As Bears prepare for Marcus Mariota, expectations for 2017 should be on the rise

As Bears prepare for Marcus Mariota, expectations for 2017 should be on the rise

The 2016 Bears season has been nothing if not a succession of painful object lessons (not to be confused with the literally painful injury elements) in quarterback management. Sunday another one lines up against them in the person of Tennessee’s Marcus Mariota.

But more is involved than another might-have-been Bears quarterback; the Bears sniffed at the cost of trading up for Mariota in 2015 but didn’t, and neither did anyone else. The Bears could have taken Dak Prescott in this year’s fourth round, but every other team passed on him in nearly four rounds. For that matter, every team passed for more than two full rounds on Joe Montana, Tom Brady and so on and so on.

The broader issue is not the past, however, but the future.

Because Mariota has become the latest case study for what Bears Nation might expect from a draft commitment to the position in 2017.

The Bears, who already have lost to three rookie/second-year quarterbacks (Prescott, Carson Wentz, Jameis Winston), are actively evaluating more than a dozen scenarios for addressing their quarterback situation in the coming offseason, sources told Those scenarios involve the draft, free agency and trade possibilities, and Jay Cuter, the only NFC starting (when he’s healthy) quarterback who has been with his team more than one full season and failed to reach the playoffs even once since 2010.

The oddity is that starting over with a young quarterback has typically reflected a collapsed franchise.
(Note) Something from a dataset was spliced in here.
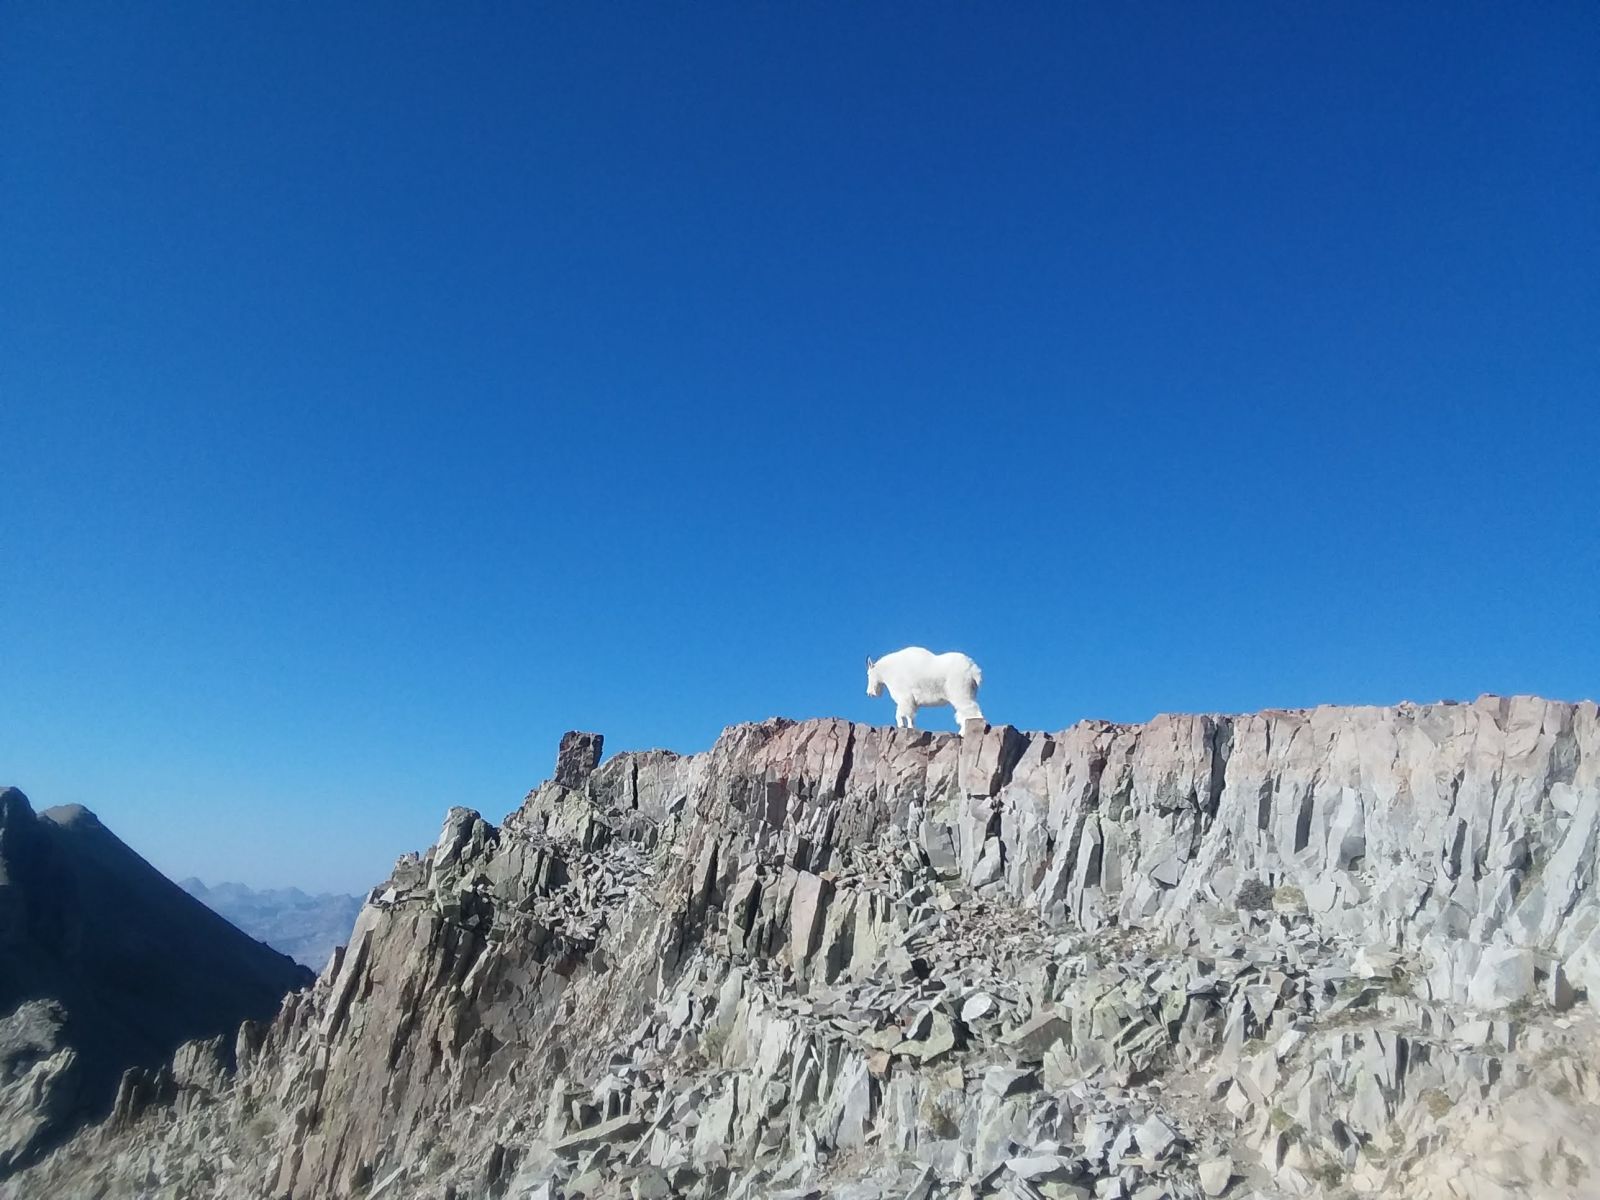 Right after I began my descent, I ran into this guy again! I will just assume it is the same goat because then that means he followed me up to the summit and we hiked down together. What a friend on my solo hike!

Not so anymore, which is why the Bears internally want so much to establish what kind of core the presumptive new quarterback will take over.
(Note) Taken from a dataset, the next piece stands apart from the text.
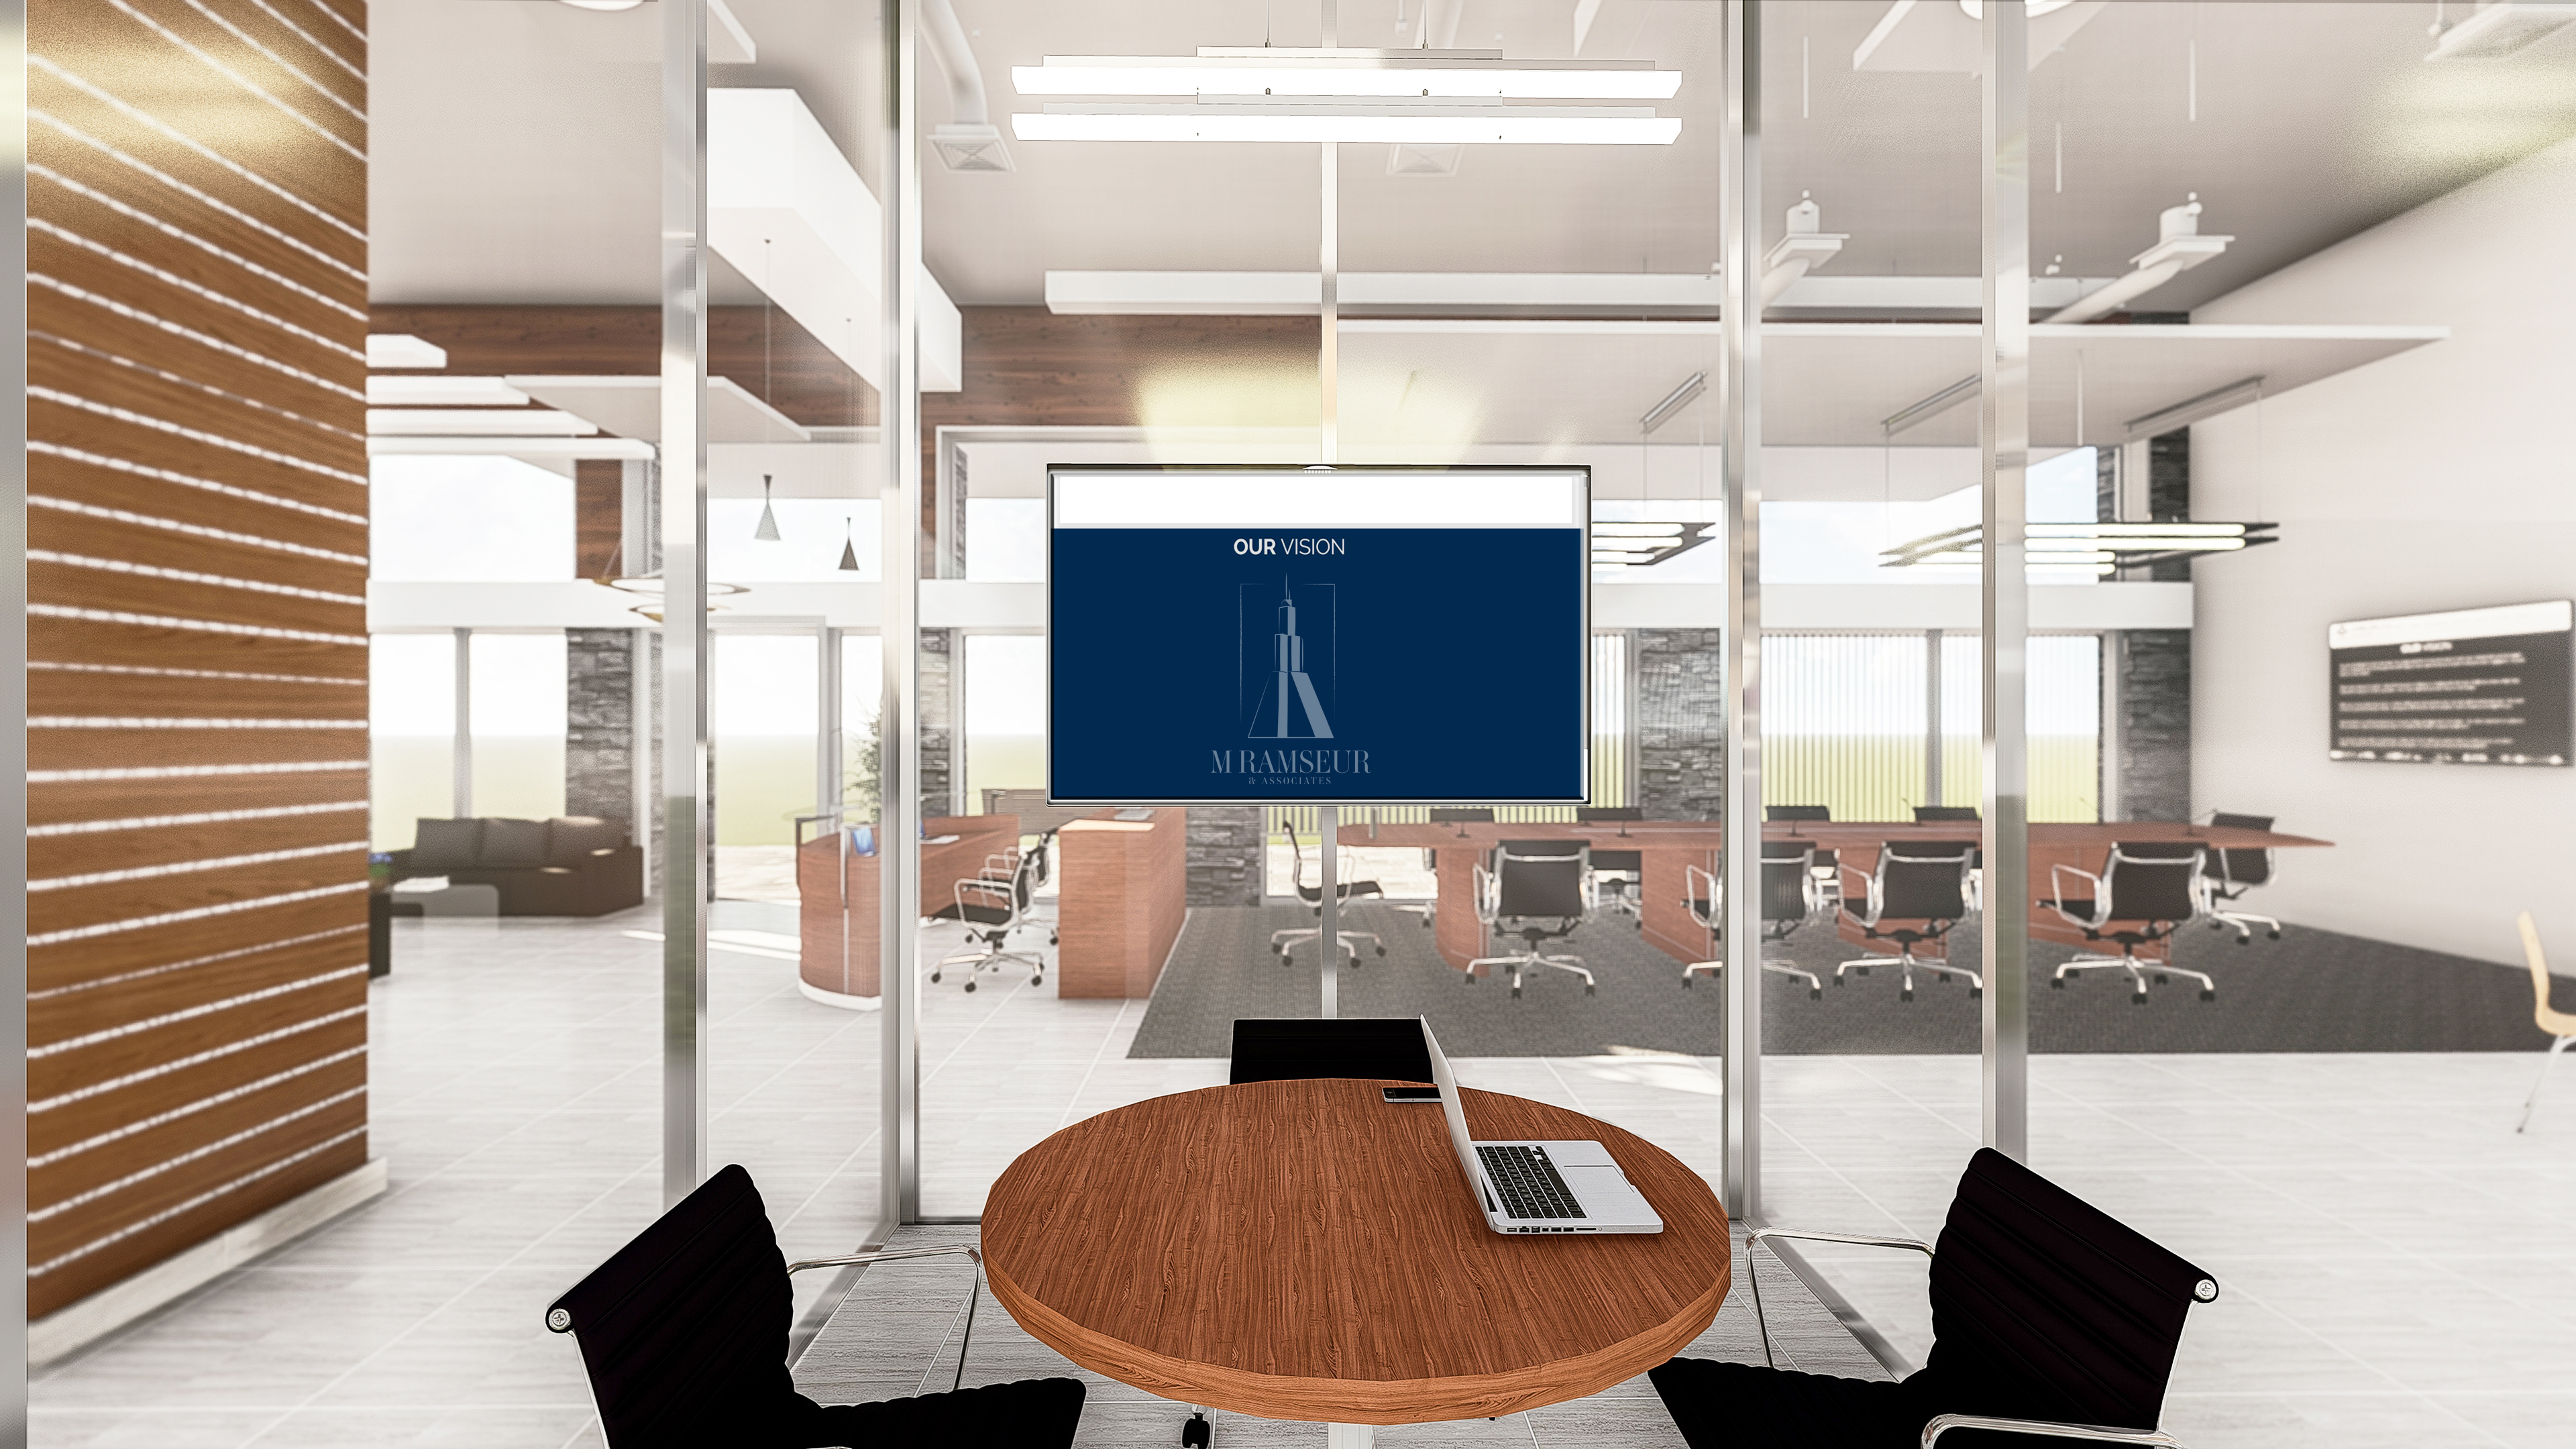 SCHEMATIC DESIGN LAW OFFICE CONCEPT HUDDLE ROOM RENDERING

Winston took Tampa Bay from two wins to six in his rookie season. Prescott has taken Dallas from four wins to 10 already. The Philadelphia Eagles are at 5-5 with Wentz after trading up for him from a 7-9 mark last season.

Mariota, the No. 2 pick, has played himself into the seventh-ranked passer (100.3 passer rating) in just his second season, and that with an abysmal team (that’s how you earn No. 2 picks usually). Prescott is No. 3 (108.6).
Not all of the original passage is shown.